1. If morality is subjective (by individual or group), as atheists/materialists claim, then what any individual/group ought to do is necessarily relative to that individual/group purpose. IOW, if my purpose is to make a frozen margarita, I ought put ice in the blender. If my purpose is to make fresh peanut butter, I ought not put ice in the blender. The ought-ness of any task can only be discerned by mapping it to the purpose for which the act is committed. Under moral subjectivism, acts in themselves are just brute facts with no objective moral value; they must be mapped to the subjective purpose to determine subjective moral value (oughtness).
2. The question “Is it moral to gratuitously torture children?” implies that whomever does such an act finds it personally gratifying in some way, and we are asking a third party if the act is moral or immoral.

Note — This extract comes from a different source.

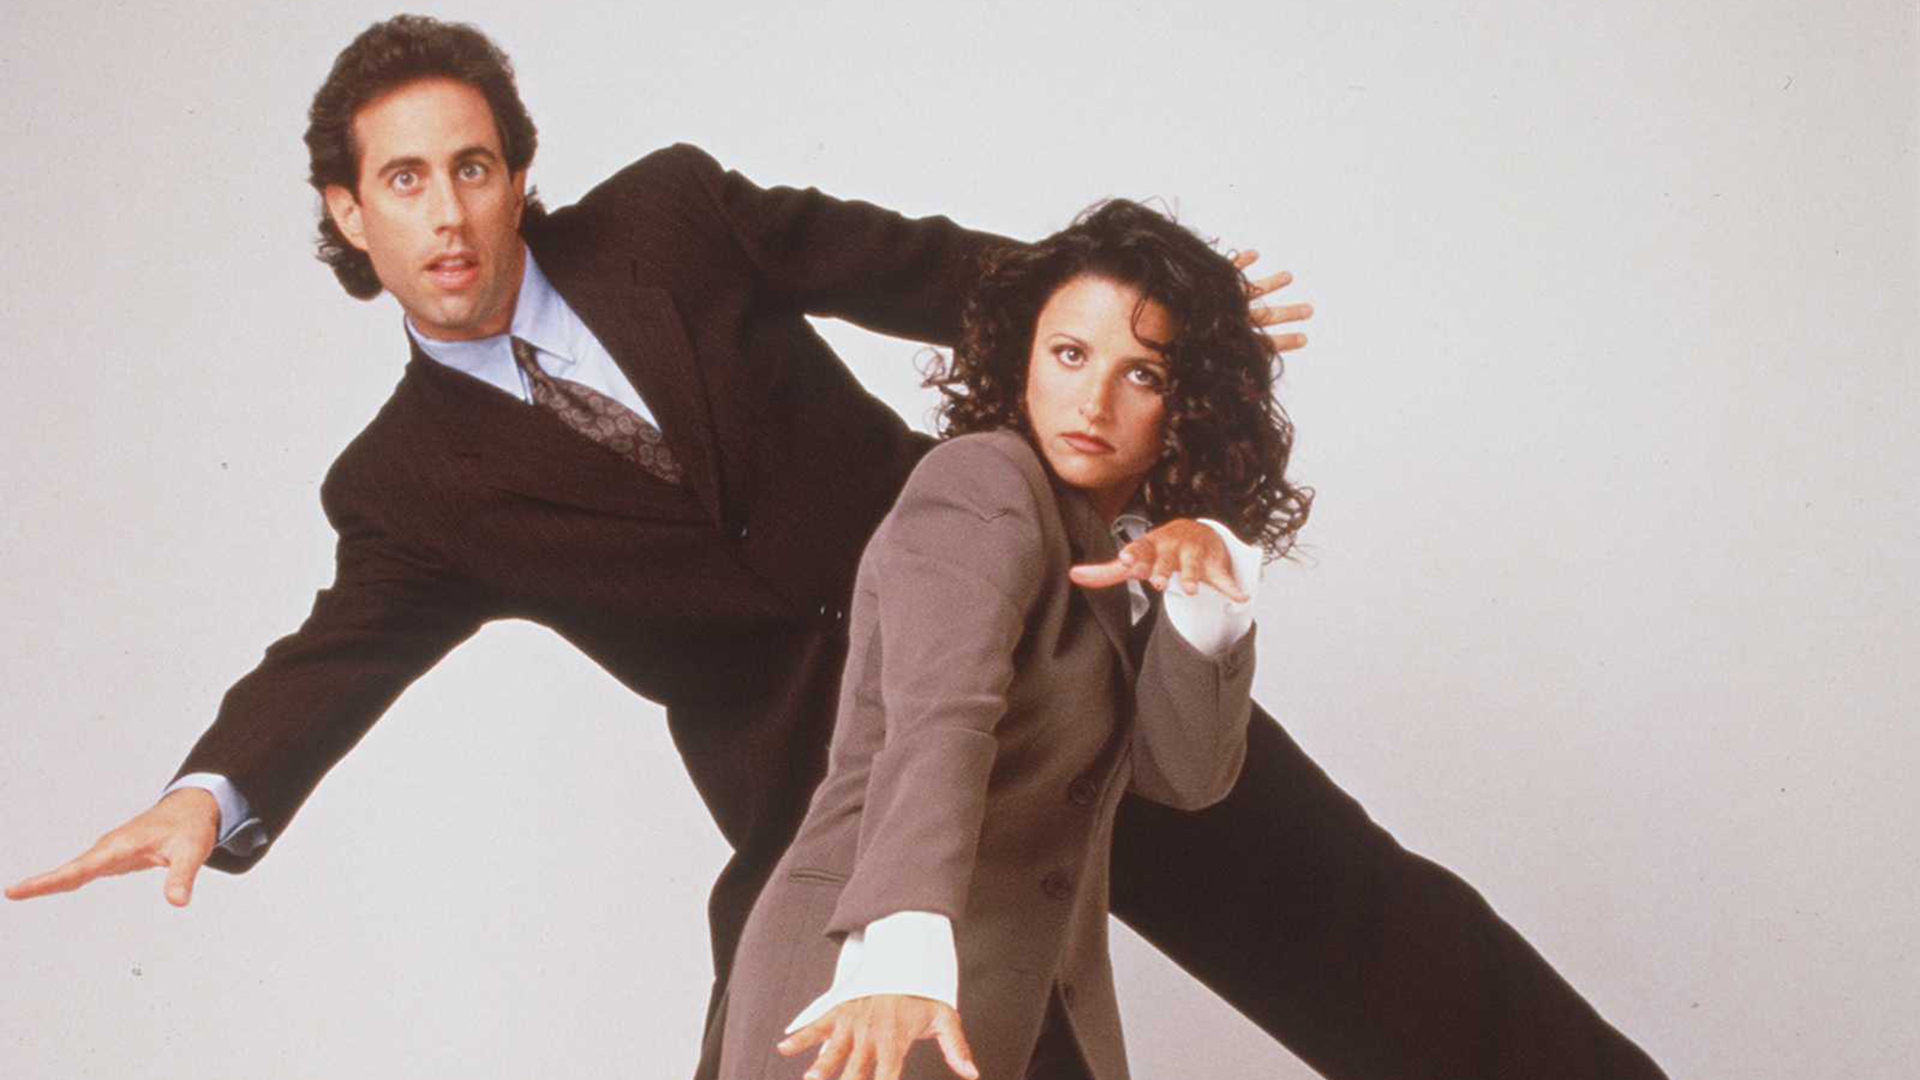 Celebrating Elaine's awkward 'Seinfeld' dance

The only possible, logically consistent answer a subjective moralist (atheist/materialist) can give is that yes, it is moral, because the moral challenge is tautologically valid in the subjective morality model. If my purpose is to gratify myself, and torturing children gratifies me, there is a 1 to 1 mapping of act to purpose- I ought do so. It is moral by definition for anyone who is gratified by the act to do so for their own gratification.
3. If the moral subjectivist says that the act is immoral “to them”, they are committing a logical error. The acts of others can only be morally evaluated according to that particular person’s subjective purpose, not according to the subjective purposes of anyone else. That is the nature of subjective commodities and relationships. Whether or not it is something a third party “ought” do for their purposes is entirely irrelevant and is treating the third party’s purposes as if they are objectively valid and binding evaluations on the acts of others.
4. Would an atheist/materialist intervene if someone else was gratuitously torturing children? If they had the power to snap their fingers and eliminate this kind of activity from the world, would they do so? I suspect the answer to both would be: yes. Note how self-described moral subjectivists would treat their own personal preferences as if they were objectively valid and binding on others.
5. Only a sociopath can truly act as if morality is subjective. “Moral subjectivism” is a intellectual smokescreen. It is a self-deception or an oughtright lie. Its proponents cannot even act or respond to questions as if moral subjectivism is true. They betray themselves as closet moral objectivists in denial, hiding from the implications of a morality they must live and act as if objective.